Similarity analysis of DNA sequences through local distribution of nucleotides in strategic neighborhood

Probir Mondal,Pratyay Banerjee,Debranjan Pal,Krishnendu Basuli
2024-09-19
Abstract:We propose a new alignment-free algorithm by constructing a compact vector representation on $\mathbb{R}^{24}$ of a DNA sequence of arbitrary length. Each component of this vector is obtained from a representative sequence, the elements of which are the values realized by a function $\Gamma$. This function $\Gamma$ acts on neighborhoods of arbitrary radius that are located at strategic positions within the DNA sequence and carries complete information about the local distribution of frequencies of the nucleotides as a consequence of the uniqueness of prime factorization of integer. The algorithm exhibits linear time complexity and turns out to consume significantly small memory. The two natural parameters characterizing the radius and location of the neighbourhoods are fixed by comparing the phylogenetic tree with the benchmark for full genome sequences of fish mtDNA datasets. Using these fitting parameters, the method is applied to analyze a number of genome sequences from benchmark and other standard datasets. Our algorithm proves to be computationally efficient compared to other well known algorithms when applied on simulated dataset.
Data Structures and Algorithms
What problem does this paper attempt to address?
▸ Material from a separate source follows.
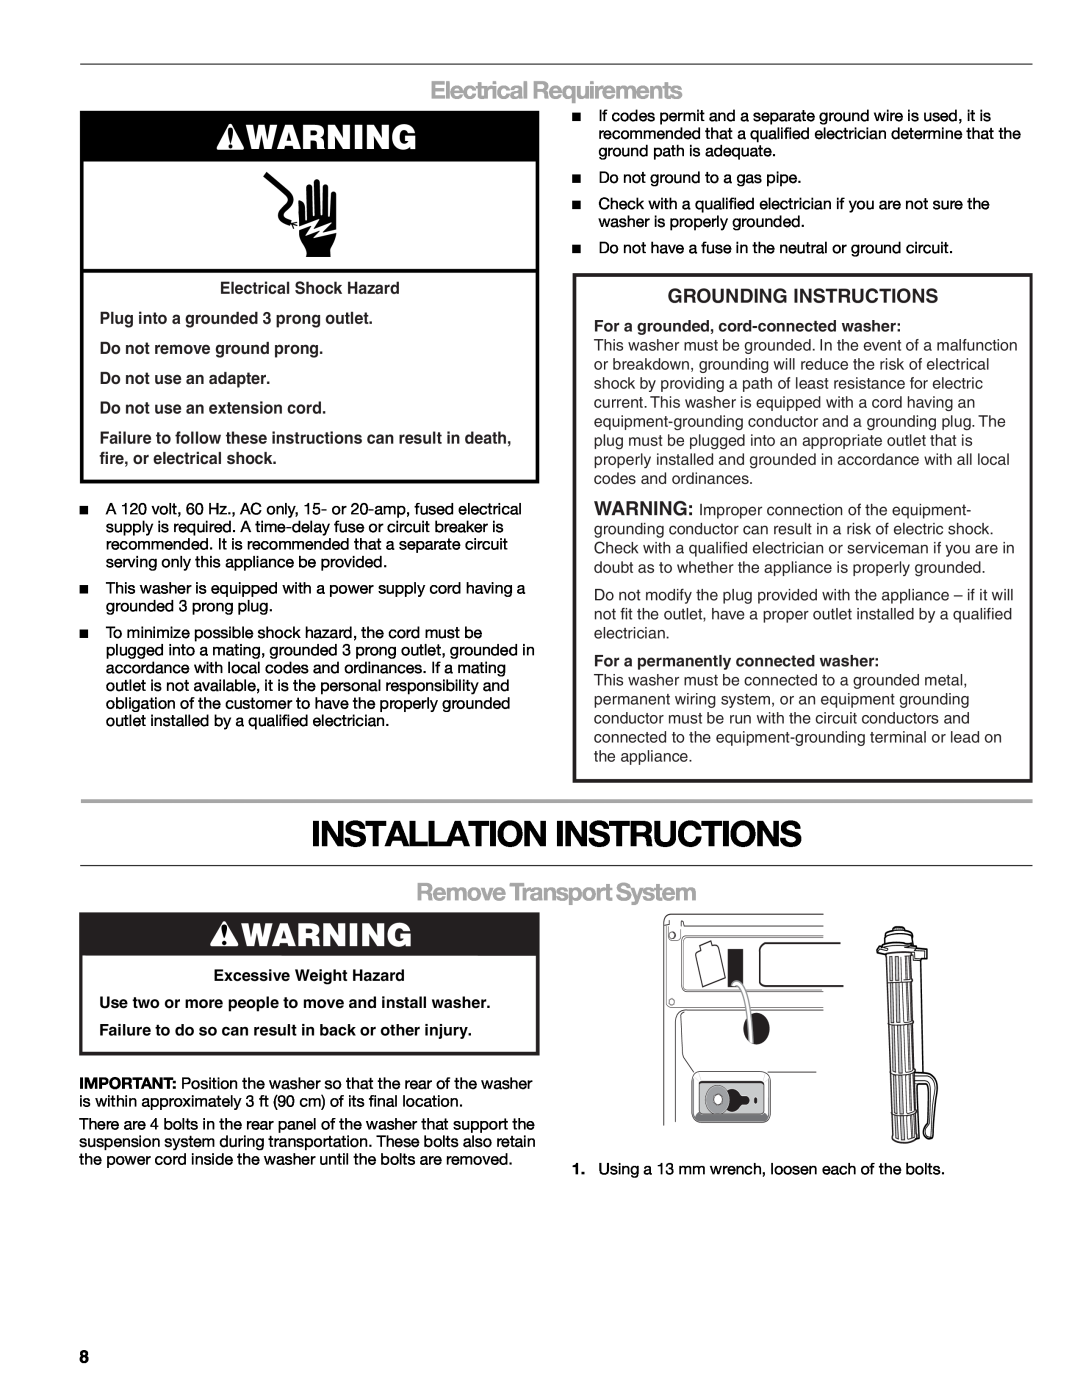 Kenmore W10133487A Installation Instructions, Electrical Requirements, Remove Transport System, Grounding Instructions

### Problems the Paper Attempts to Solve The paper proposes a new alignment-free algorithm by constructing a compact vector representation to represent DNA sequences of arbitrary lengths. This representation allows for efficient comparison of DNA sequences of different lengths and features linear time complexity and low memory consumption. Specifically, the main objectives of the algorithm include: 1. **Efficient Comparison of DNA Sequences of Different Lengths**: - Existing alignment-based algorithms typically have quadratic time complexity when dealing with long sequences, making them inefficient. The alignment-free algorithm proposed in the paper aims to reduce runtime through compact representation. 2. **Representation of Local Nucleotide Distribution**: - By considering the local nucleotide distribution at specific positions in the DNA sequence, the algorithm can capture important information within the sequences, thereby improving similarity analysis. 3. **Linear Time and Low Memory Consumption**: - The algorithm features linear time complexity and significantly reduced memory consumption, making it more efficient for handling large-scale datasets. 4. **Validation of Algorithm Effectiveness**: - By testing on fish mtDNA datasets, the paper demonstrates the effectiveness and accuracy of the algorithm in practical applications. Through these methods, the algorithm not only improves the efficiency of DNA sequence comparison but also maintains good performance when handling sequences of different lengths.